Ao entrar em casa, viu as caixas pretas com letras douradas sobre o sofá desbotado. Sua mãe, Helena, estava sentada na poltrona, olhando para o luxo com uma mistura de admiração e medo.

— O que é isso, minha filha? Quem mandou essas coisas de rainha?

Beatriz olhou para a mãe e sentiu um nó na garganta. Ela não podia contar a verdade. Não ainda.

— É um evento da empresa, mãe. Eu fui escolhida para representar os funcionários. Preciso estar bonita.

Helena sorriu, mas seus olhos permaneciam preocupados.

— Você já é bonita, Bia. Só espero que esse povo não esqueça que você tem um coração de ouro debaixo desses panos caros.

Beatriz abraçou a mãe, escondendo o rosto em seu ombro.

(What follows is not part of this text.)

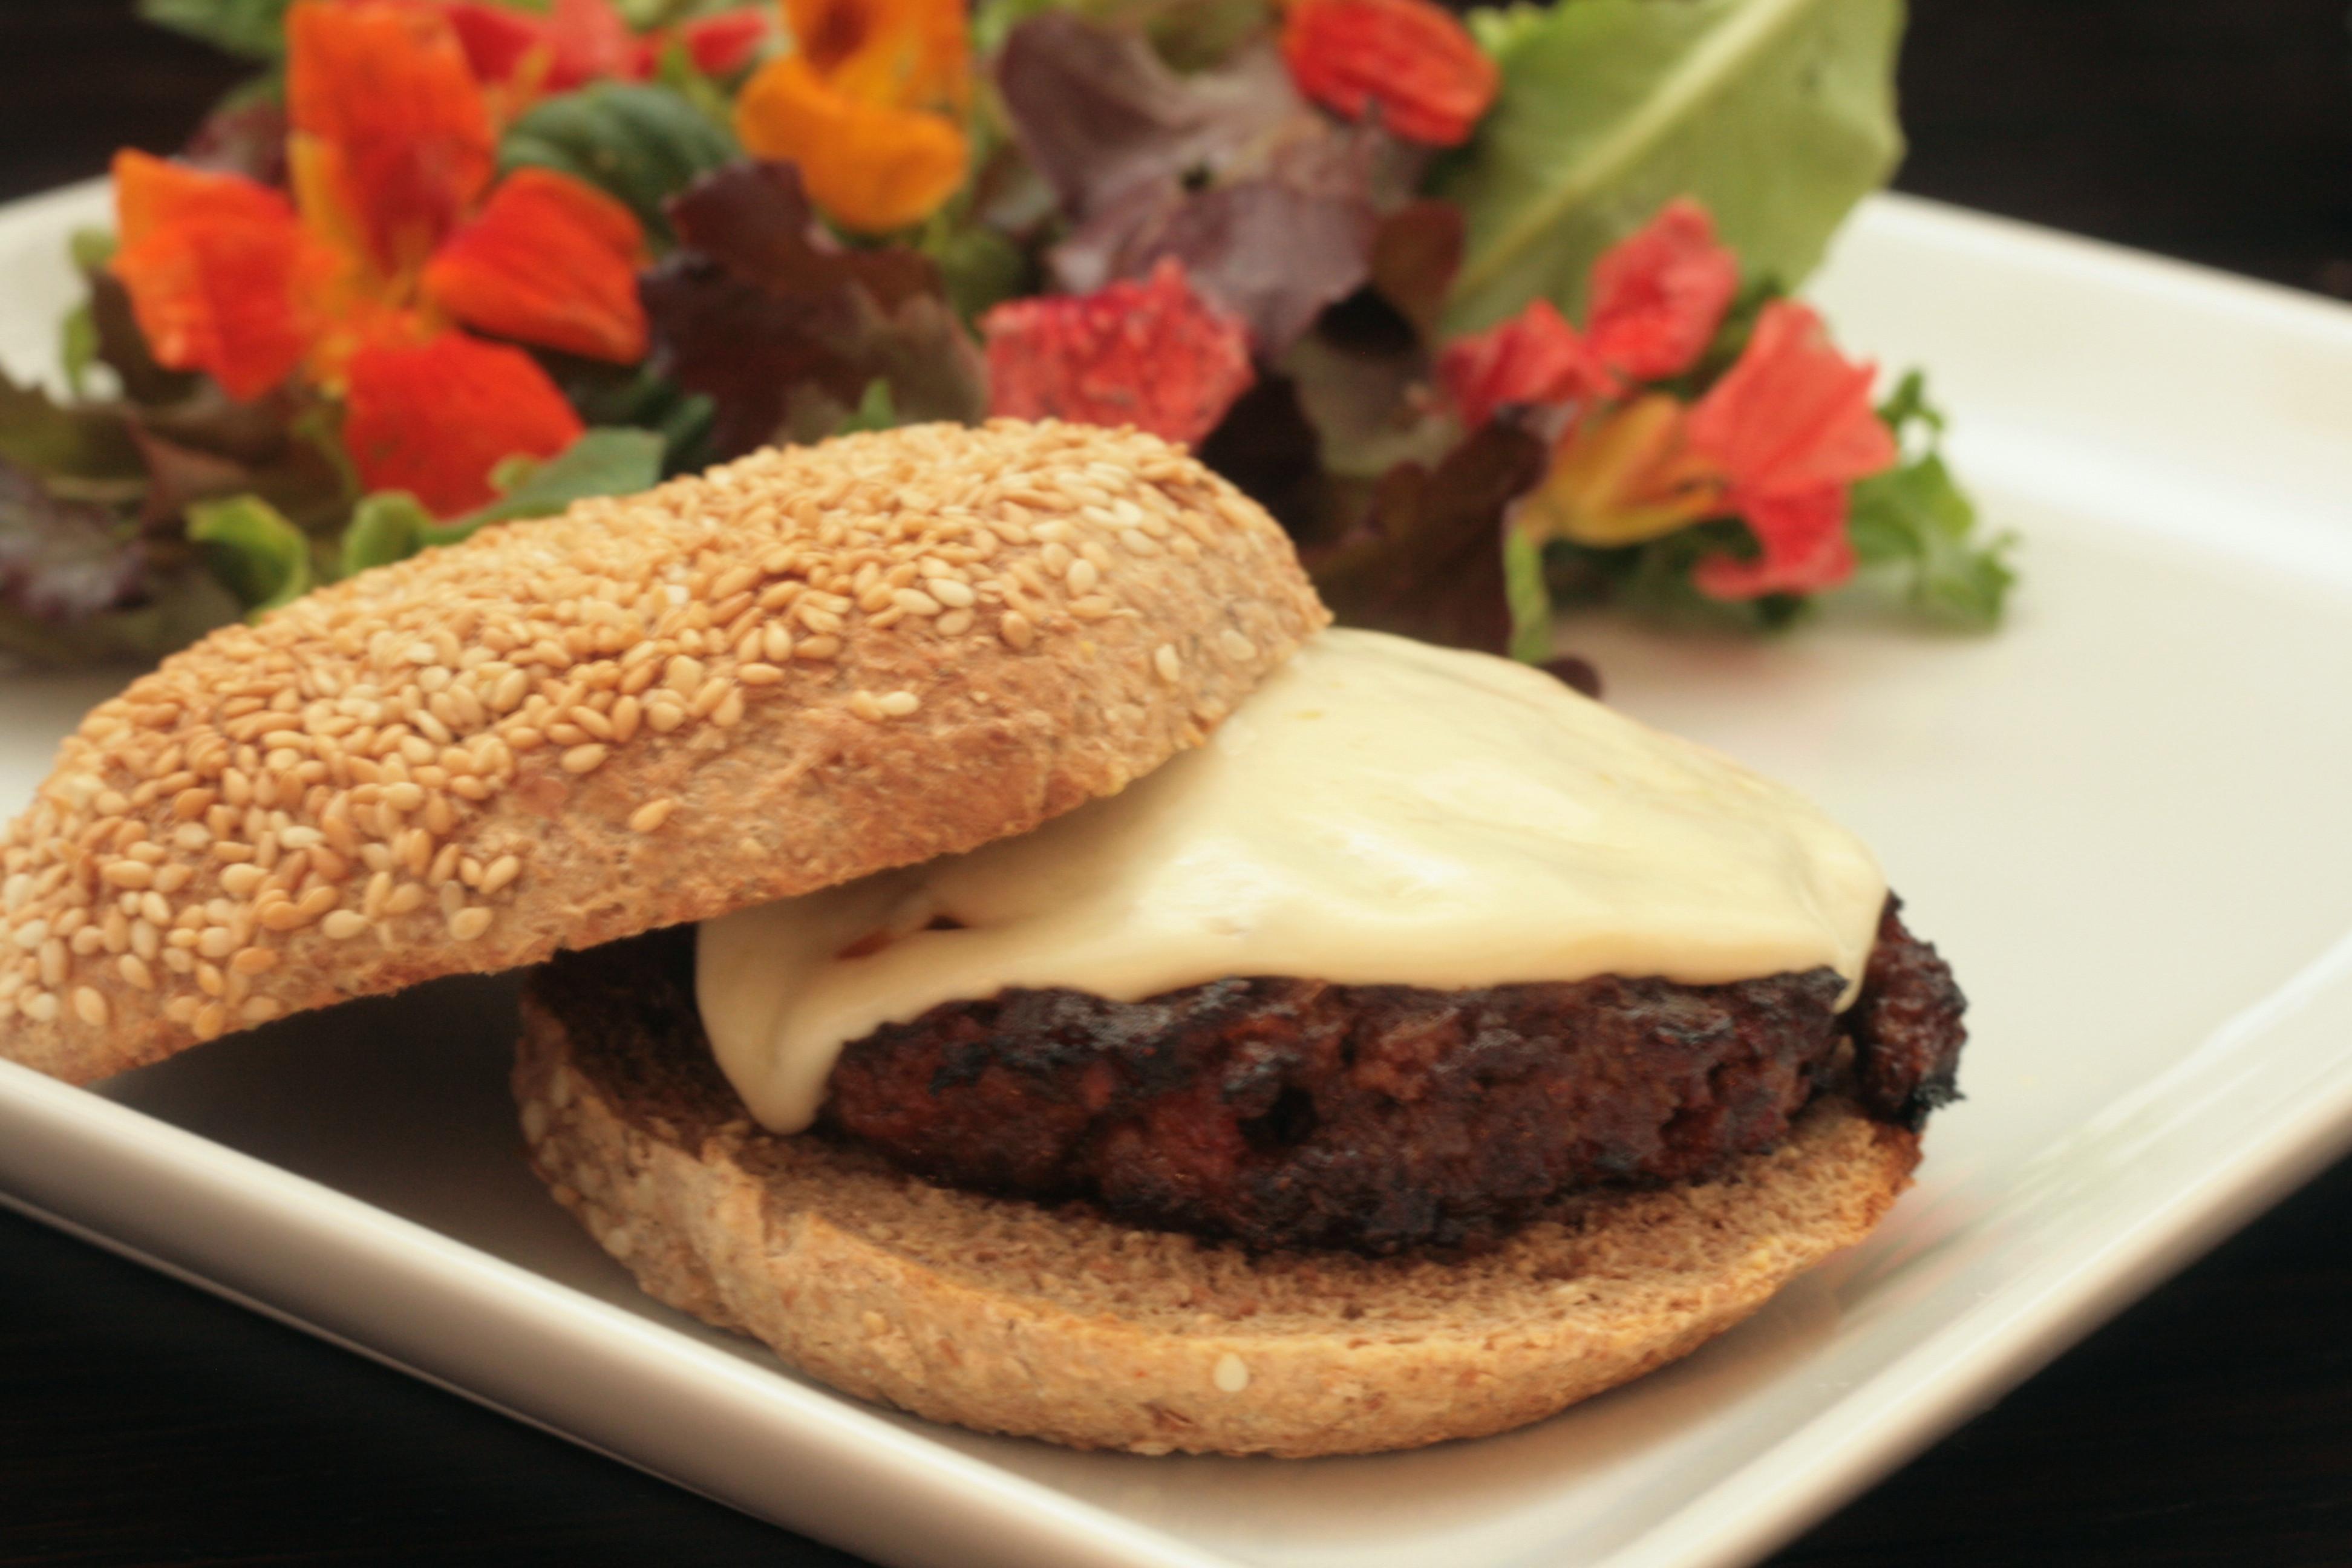 buffalo-burger-and-salad.jpg

Ela sentia o cheiro de sabão de coco e cansaço que sempre acompanhava Helena. Naquele momento, ela jurou que faria qualquer coisa para tirar a mãe daquela vida. Mesmo que isso significasse vender sua alma para o homem de gelo no 22º andar.

Ela abriu a primeira caixa. Um vestido de seda preta, tão macio que parecia líquido, deslizou entre seus dedos. Havia também um par de sapatos de salto alto e uma caixa menor com brincos de pérola que brilhavam sob a luz fraca da lâmpada da sala.

Beatriz começou a se vestir. A seda fria contra sua pele era um lembrete constante da farsa. Enquanto se maquiava diante do espelho trincado do banheiro, ela via sua antiga identidade desaparecer. A secretária invisível estava dando lugar a uma mulher de mistério e poder.

Às dezenove horas em ponto, o som de um motor potente ecoou pela rua estreita. As crianças pararam de jogar bola para observar o sedã preto e brilhante que manobrava entre os buracos. Beatriz respirou fundo, deu um beijo na testa da mãe e saiu.

Ao abrir a porta do carro, o motorista, de luvas brancas, fez uma reverência. Ela entrou, sentindo o cheiro de couro novo e o silêncio absoluto da cabine. Enquanto o carro se afastava da Vila Esperança, ela olhou pelo vidro traseiro e viu sua casa diminuir até sumir na escuridão.

Ela estava atravessando a linha. E, lá no fundo, ela sabia que não haveria caminho de volta.